Em primeiro lugar é necessário elogiar o talento que o diretor/roteirista/produtor (e neste filme também ator) M. Night Shyamalan tem em criar climas aterradores. Desde que encantou o mundo com "O sexto sentido", o cineasta indiano (mas criado perto da Filadélfia) encontrou a fórmula para criar, através do som e de imagens cuidadosamente desenhadas, um patamar de suspense que poucos diretores conseguiram atingir. Ainda que tenha sofrido uma queda vertiginosa de qualidade em sua filmografia a partir de "A vila", de 2004, Shyamalan não pode ser acusado de trair suas referências no gênero. E elas estão claramente presentes em "Sinais", seu último filme até hoje que foi realmente capaz de empolgar os cinéfilos (ou ao menos parte deles).

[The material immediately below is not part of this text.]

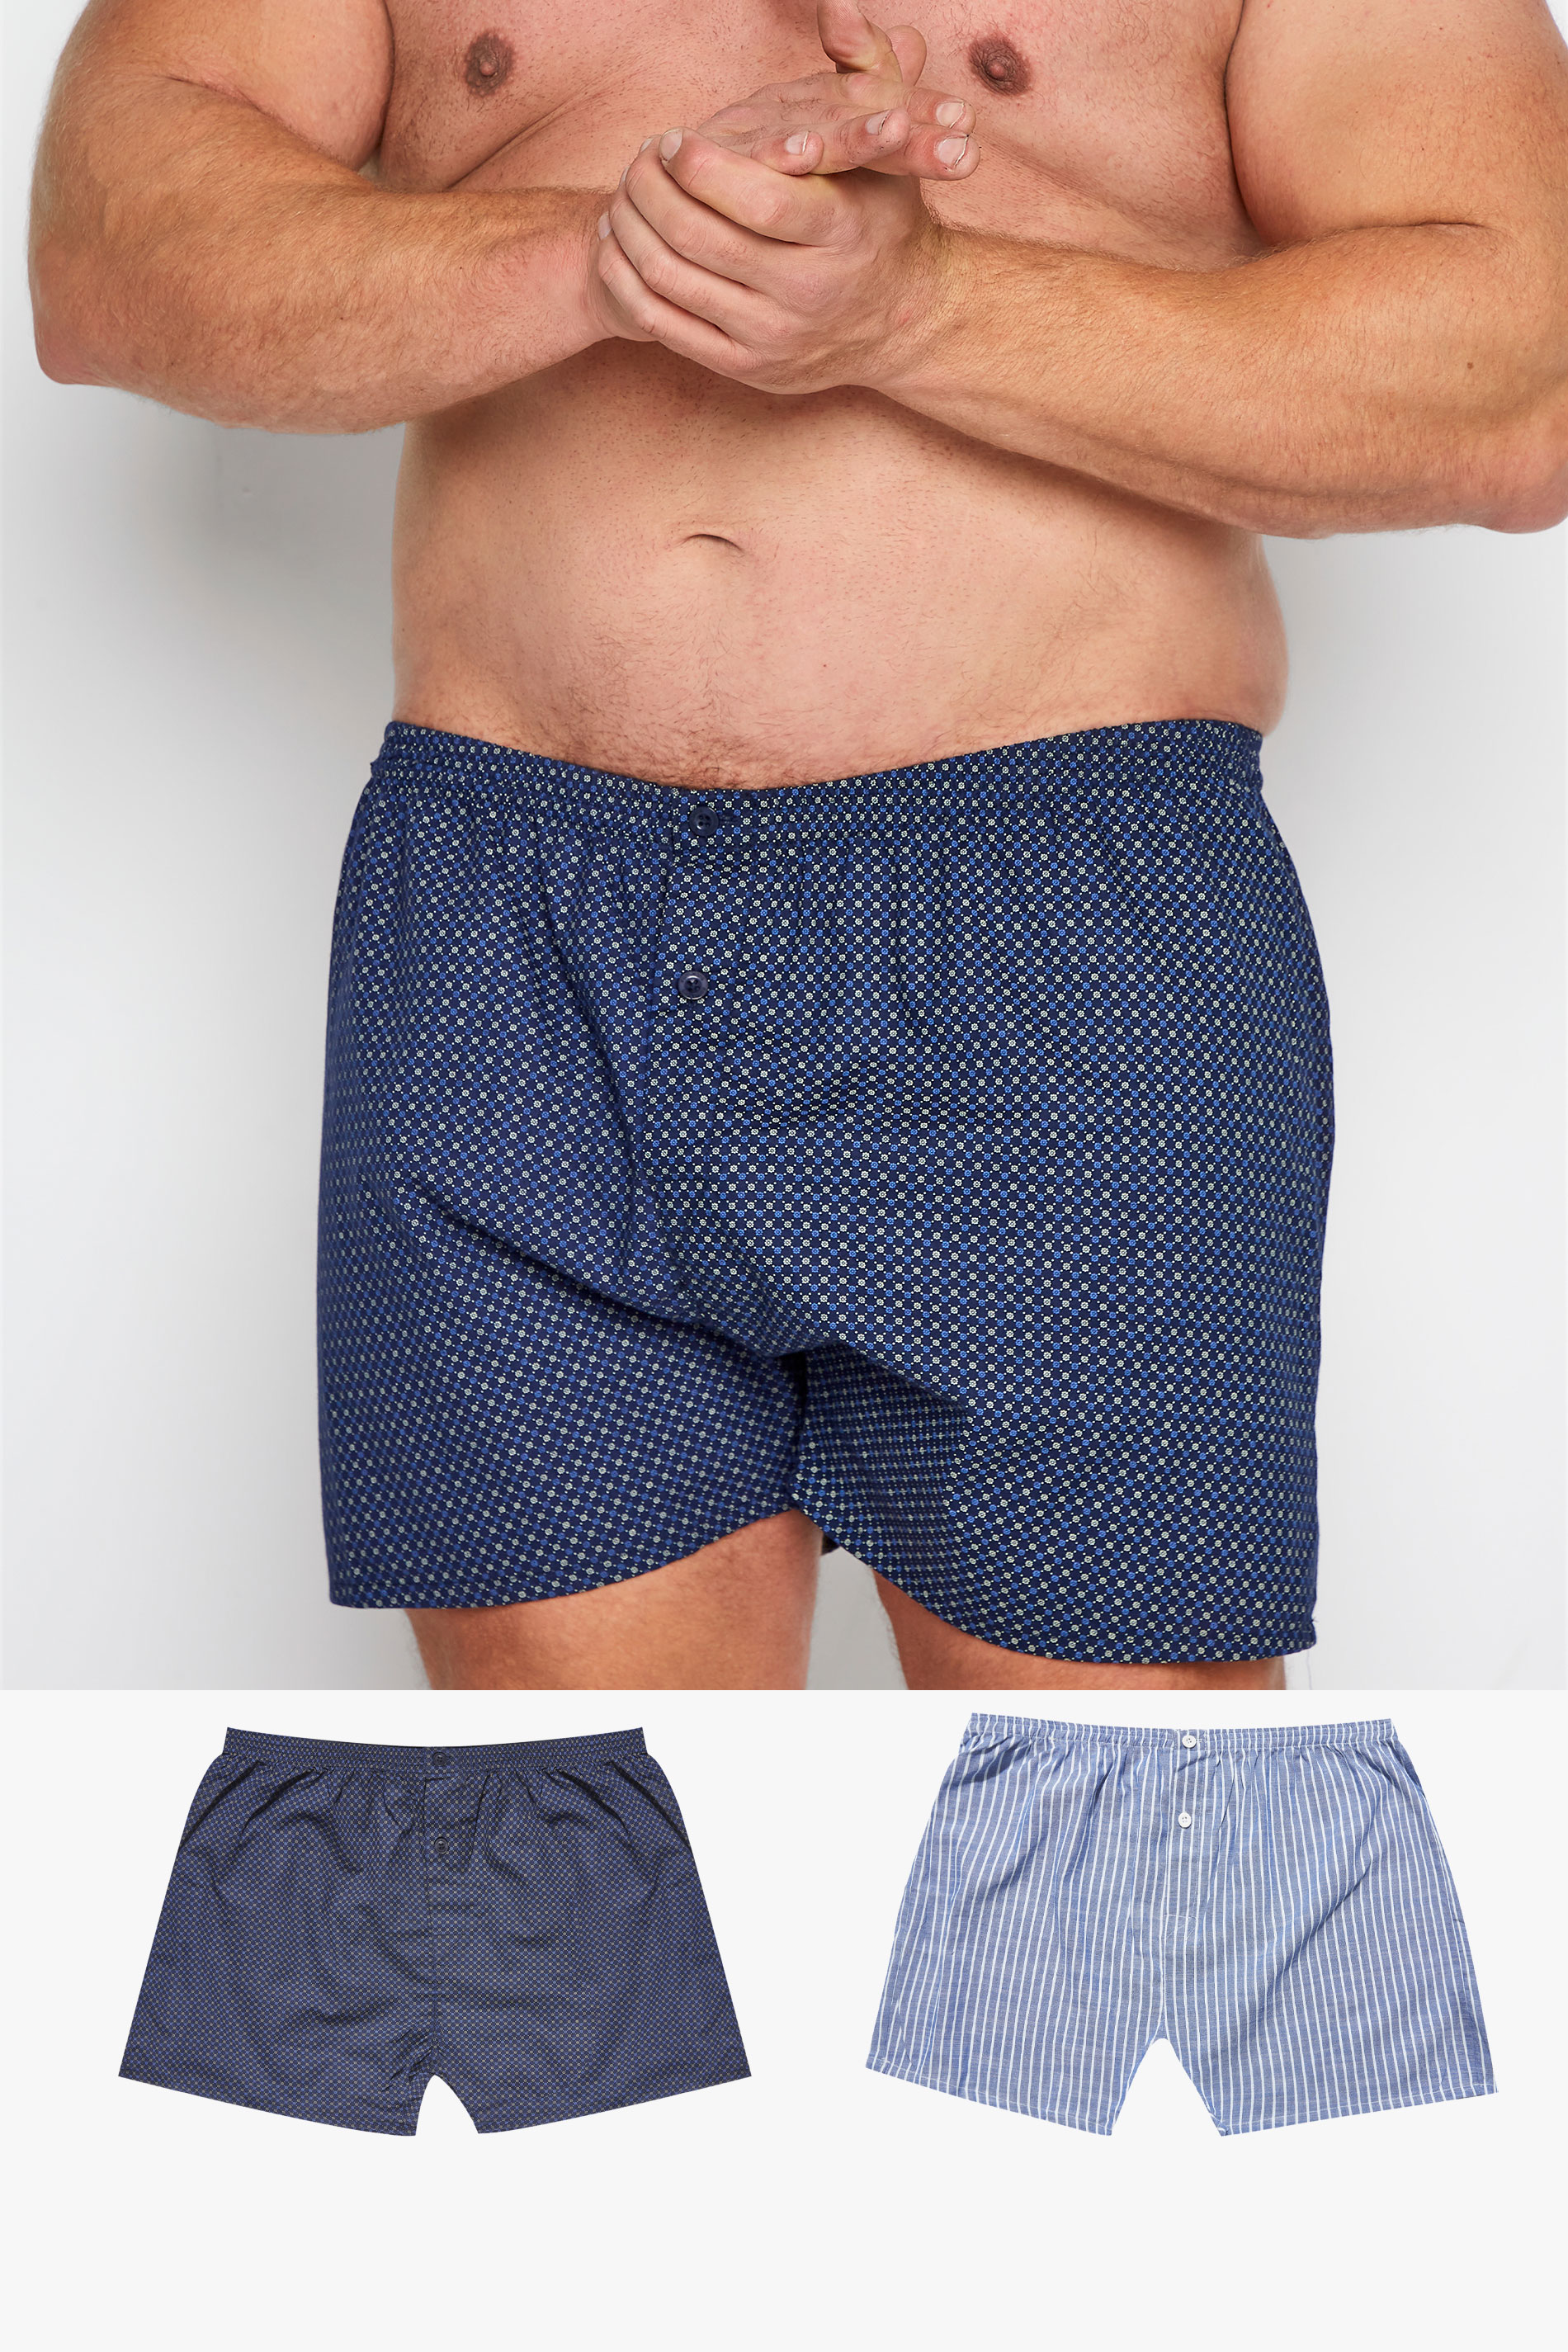 KAM Big & Tall 2 PACK Blue Woven Boxers 1

Mais uma vez o clima é o principal elemento que Shyamalan utiliza para estarrecer a audiência e deixá-la grudada na poltrona. Sem apelar para sustos desnecessários (mas nunca evitando a tensão que explode em pulos do sofá) ou para monstros sanguinários, o cineasta volta a provar o grande poder da sugestão em detrimento do explícito. Ao preferir concentrar-se na complexidade dramática de suas personagens (sempre bem escritas e desenvolvidas com delicadeza) e na maneira com que elas agem em circunstâncias adversas (e "adversas" aqui é até eufemismo), o homem que revelou Haley Joel Osment ao mundo exige de sua plateia apenas a empatia necessária para que se embarque na trama sem pestanejar. E faz isso aos poucos, delicadamente, dando tempo para que todas as circunstâncias se apresentem (e façam todo o sentido do mundo nas cenas finais). Cada diálogo escrito por Shyamalan, cada detalhe visual e cada minuto de filme não estão ali à toa. Poucos cineastas conseguem ser tão enxutos sem ser apressados quanto ele. E isso faz toda a diferença.
"Sinais" começa quando os dois filhos pequenos de Graham Hess (Mel Gibson em uma das melhores atuações de sua carreira) descobrem, na plantação de milho de sua fazenda no interior da Pensilvânia, círculos misteriosos semelhantes a outros que estão sendo descobertos pelo mundo todo. A princípio descrente da ameaça que o mistério pode representar, o ex-reverendo (que abandonou a batina após o acidente de carro que matou sua mulher, seis meses antes) aos poucos se deixa convencer pela mídia e por seu irmão caçula Merrill (Joaquin Phoenix) de que tudo é a preparação para uma invasão alienígena de grande porte e violência. Sozinho na fazenda com sua família, ele tenta reencontrar a fé perdida para sobreviver à tragédia.
É interessante perceber, em "Sinais", a forma com que o roteiro se desenrola diante dos olhos do espectador sem que ele se dê conta exatamente do que está acontecendo (o grande trunfo também de "O sexto sentido"). Até perto dos créditos de encerramento tudo leva a crer que trata-se de um suspense de ficção científica que abdica de efeitos especiais exorbitantes (e é inegável que o orçamento generoso de mais de 70 milhões de dólares pagaria por um visual menos pobre dos alienígenas) para homenagear clássicos do gênero, como a primeira versão de "Invasores de corpos". Seu desfecho, porém, mostra uma ambição maior de seu diretor: ele quer questionar a fé de seu público, assim como questionou de suas personagens. Explicar a forma com que ele lança a pergunta ao público seria estragar a surpresa de quem ainda não o assistiu, mas não há problema em dizer que NADA que aconteceu na vida de Hess foi por acaso e tudo estava apenas o levando à situação extrema em que ele se encontra.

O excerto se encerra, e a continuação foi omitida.